Supplied material:
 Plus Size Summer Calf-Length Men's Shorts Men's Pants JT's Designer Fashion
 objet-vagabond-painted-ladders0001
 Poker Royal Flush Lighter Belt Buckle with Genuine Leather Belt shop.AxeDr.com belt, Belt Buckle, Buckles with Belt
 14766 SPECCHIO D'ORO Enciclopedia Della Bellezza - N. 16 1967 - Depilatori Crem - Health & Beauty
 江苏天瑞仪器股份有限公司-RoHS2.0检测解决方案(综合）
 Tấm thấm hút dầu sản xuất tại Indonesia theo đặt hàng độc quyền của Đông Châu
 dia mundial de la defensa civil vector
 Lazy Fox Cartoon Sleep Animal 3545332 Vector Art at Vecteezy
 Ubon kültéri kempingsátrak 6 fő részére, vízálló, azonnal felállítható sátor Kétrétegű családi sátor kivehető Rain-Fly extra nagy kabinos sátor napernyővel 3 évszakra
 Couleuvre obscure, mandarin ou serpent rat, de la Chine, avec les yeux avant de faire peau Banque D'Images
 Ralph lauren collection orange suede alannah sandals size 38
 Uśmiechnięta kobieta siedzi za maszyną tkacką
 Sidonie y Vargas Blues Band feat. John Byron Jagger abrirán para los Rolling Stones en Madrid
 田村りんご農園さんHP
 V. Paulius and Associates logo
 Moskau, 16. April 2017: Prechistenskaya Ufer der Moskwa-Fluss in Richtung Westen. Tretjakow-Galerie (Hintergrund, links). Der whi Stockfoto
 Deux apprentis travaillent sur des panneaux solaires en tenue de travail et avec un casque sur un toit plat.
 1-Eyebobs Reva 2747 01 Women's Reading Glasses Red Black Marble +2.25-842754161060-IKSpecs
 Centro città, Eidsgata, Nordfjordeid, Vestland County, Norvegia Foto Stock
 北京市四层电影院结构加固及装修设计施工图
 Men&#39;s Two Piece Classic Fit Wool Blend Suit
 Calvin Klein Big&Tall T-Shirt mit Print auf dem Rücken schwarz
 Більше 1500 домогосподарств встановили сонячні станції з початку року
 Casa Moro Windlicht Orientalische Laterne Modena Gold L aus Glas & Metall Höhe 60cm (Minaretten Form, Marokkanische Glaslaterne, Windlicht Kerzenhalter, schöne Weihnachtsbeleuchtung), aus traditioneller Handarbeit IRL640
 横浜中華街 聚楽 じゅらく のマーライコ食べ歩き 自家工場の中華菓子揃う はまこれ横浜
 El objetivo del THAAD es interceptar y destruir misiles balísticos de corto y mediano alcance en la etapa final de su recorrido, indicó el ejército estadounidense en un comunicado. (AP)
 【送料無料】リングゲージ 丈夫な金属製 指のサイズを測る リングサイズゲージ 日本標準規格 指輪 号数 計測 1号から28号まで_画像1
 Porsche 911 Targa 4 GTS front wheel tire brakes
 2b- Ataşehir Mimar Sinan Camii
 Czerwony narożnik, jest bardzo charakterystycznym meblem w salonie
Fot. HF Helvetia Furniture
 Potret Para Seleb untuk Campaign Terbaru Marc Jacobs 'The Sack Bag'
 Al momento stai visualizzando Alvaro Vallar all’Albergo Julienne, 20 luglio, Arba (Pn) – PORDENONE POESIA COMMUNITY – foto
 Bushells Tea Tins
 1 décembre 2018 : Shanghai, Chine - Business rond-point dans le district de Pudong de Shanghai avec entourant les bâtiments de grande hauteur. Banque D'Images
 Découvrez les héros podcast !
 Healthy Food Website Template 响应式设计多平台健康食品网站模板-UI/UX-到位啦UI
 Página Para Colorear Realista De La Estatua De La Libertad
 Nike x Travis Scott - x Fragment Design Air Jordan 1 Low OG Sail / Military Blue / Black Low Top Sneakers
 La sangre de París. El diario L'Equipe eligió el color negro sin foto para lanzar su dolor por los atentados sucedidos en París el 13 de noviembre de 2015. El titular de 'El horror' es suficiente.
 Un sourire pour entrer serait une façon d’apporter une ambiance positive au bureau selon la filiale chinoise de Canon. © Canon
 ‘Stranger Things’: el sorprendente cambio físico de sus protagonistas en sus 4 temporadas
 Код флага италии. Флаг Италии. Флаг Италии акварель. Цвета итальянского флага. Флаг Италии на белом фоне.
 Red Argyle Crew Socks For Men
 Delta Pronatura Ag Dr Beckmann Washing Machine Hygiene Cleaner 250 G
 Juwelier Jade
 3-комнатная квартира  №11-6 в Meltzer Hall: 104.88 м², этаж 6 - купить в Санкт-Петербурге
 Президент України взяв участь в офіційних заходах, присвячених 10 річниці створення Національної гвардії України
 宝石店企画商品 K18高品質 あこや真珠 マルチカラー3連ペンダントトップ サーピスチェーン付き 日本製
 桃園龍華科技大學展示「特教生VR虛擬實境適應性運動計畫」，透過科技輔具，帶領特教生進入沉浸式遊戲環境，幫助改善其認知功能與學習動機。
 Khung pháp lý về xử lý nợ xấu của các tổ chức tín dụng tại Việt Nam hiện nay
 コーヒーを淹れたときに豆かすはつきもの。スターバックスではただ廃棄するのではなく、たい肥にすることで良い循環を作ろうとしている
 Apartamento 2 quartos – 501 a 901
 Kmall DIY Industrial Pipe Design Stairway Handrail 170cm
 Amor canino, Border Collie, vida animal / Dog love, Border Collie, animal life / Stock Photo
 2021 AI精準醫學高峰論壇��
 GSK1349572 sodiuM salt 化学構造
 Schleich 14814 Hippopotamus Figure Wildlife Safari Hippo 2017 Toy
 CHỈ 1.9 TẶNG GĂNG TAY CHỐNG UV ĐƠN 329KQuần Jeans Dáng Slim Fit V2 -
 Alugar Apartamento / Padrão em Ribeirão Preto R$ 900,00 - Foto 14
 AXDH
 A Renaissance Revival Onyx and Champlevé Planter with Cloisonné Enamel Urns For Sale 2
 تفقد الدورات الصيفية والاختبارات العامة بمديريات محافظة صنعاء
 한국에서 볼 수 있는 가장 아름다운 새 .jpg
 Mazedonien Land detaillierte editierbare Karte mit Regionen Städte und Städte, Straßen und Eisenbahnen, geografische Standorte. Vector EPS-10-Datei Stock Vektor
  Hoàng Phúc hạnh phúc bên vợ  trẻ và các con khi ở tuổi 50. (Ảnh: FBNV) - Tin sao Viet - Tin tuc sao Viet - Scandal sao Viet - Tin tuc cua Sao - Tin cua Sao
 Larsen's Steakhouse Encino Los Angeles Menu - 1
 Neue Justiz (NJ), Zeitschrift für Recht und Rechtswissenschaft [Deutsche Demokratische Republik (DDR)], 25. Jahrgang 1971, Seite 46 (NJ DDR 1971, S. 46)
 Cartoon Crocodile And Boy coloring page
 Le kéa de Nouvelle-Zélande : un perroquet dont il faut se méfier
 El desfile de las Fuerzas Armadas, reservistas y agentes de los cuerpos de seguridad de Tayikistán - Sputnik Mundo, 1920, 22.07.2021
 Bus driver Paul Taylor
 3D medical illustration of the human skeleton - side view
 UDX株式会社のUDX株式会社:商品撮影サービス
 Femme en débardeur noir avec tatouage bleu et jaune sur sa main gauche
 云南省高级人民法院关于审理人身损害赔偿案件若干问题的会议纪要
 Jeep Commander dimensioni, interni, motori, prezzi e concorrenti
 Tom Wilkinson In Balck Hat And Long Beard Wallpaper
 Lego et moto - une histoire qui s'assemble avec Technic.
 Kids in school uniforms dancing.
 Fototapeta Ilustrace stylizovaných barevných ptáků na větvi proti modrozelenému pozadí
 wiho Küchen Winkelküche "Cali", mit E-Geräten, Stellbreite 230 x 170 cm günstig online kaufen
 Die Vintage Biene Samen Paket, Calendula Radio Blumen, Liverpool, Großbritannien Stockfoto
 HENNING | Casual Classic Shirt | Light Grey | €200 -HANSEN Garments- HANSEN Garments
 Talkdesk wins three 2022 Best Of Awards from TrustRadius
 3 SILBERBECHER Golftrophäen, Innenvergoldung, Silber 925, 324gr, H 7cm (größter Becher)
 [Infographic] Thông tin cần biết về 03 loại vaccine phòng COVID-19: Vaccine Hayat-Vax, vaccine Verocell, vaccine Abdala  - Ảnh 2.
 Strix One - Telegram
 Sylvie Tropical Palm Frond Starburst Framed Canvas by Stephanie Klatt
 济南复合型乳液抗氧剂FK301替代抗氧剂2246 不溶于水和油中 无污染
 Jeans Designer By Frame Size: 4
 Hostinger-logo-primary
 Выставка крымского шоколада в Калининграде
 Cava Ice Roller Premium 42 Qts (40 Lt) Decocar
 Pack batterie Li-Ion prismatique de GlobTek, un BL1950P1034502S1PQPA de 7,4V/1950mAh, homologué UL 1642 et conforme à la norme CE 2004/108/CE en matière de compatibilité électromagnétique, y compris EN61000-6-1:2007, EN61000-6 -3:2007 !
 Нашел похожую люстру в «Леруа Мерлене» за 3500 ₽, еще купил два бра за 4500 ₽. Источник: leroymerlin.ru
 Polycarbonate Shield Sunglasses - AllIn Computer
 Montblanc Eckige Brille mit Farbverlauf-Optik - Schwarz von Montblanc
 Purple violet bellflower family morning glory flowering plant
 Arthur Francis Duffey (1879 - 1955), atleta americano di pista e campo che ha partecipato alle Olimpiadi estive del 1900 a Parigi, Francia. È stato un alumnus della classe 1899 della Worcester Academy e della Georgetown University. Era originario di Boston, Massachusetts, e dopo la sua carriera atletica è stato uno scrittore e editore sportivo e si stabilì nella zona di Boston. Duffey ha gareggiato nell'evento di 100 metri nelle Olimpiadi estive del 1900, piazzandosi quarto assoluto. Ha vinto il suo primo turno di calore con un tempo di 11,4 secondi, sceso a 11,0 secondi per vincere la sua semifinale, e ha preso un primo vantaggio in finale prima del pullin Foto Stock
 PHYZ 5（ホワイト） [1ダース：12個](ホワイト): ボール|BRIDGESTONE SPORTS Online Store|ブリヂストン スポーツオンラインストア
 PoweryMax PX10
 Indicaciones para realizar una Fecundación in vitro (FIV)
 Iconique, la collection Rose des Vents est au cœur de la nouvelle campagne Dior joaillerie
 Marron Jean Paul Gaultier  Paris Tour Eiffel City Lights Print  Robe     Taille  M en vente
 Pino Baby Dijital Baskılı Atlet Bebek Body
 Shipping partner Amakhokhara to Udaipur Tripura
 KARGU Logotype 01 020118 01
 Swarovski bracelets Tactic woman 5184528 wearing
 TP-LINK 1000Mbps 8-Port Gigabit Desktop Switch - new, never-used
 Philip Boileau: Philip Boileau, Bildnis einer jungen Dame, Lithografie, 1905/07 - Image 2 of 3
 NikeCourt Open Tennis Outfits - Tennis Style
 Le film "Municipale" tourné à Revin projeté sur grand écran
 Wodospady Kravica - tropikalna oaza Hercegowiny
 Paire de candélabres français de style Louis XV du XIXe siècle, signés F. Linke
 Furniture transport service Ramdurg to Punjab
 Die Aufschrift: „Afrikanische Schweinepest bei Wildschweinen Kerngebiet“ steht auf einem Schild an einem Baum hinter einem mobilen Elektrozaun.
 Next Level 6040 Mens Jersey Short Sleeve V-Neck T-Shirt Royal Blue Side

Task goal: Taking the entries above, print exactly the lines starting at the line with "Strix One - Telegram" and ending at the line with "Pino Baby Dijital Baskılı Atlet Bebek Body", both included.

Output below:
 Strix One - Telegram
 Sylvie Tropical Palm Frond Starburst Framed Canvas by Stephanie Klatt
 济南复合型乳液抗氧剂FK301替代抗氧剂2246 不溶于水和油中 无污染
 Jeans Designer By Frame Size: 4
 Hostinger-logo-primary
 Выставка крымского шоколада в Калининграде
 Cava Ice Roller Premium 42 Qts (40 Lt) Decocar
 Pack batterie Li-Ion prismatique de GlobTek, un BL1950P1034502S1PQPA de 7,4V/1950mAh, homologué UL 1642 et conforme à la norme CE 2004/108/CE en matière de compatibilité électromagnétique, y compris EN61000-6-1:2007, EN61000-6 -3:2007 !
 Нашел похожую люстру в «Леруа Мерлене» за 3500 ₽, еще купил два бра за 4500 ₽. Источник: leroymerlin.ru
 Polycarbonate Shield Sunglasses - AllIn Computer
 Montblanc Eckige Brille mit Farbverlauf-Optik - Schwarz von Montblanc
 Purple violet bellflower family morning glory flowering plant
 Arthur Francis Duffey (1879 - 1955), atleta americano di pista e campo che ha partecipato alle Olimpiadi estive del 1900 a Parigi, Francia. È stato un alumnus della classe 1899 della Worcester Academy e della Georgetown University. Era originario di Boston, Massachusetts, e dopo la sua carriera atletica è stato uno scrittore e editore sportivo e si stabilì nella zona di Boston. Duffey ha gareggiato nell'evento di 100 metri nelle Olimpiadi estive del 1900, piazzandosi quarto assoluto. Ha vinto il suo primo turno di calore con un tempo di 11,4 secondi, sceso a 11,0 secondi per vincere la sua semifinale, e ha preso un primo vantaggio in finale prima del pullin Foto Stock
 PHYZ 5（ホワイト） [1ダース：12個](ホワイト): ボール|BRIDGESTONE SPORTS Online Store|ブリヂストン スポーツオンラインストア
 PoweryMax PX10
 Indicaciones para realizar una Fecundación in vitro (FIV)
 Iconique, la collection Rose des Vents est au cœur de la nouvelle campagne Dior joaillerie
 Marron Jean Paul Gaultier  Paris Tour Eiffel City Lights Print  Robe     Taille  M en vente
 Pino Baby Dijital Baskılı Atlet Bebek Body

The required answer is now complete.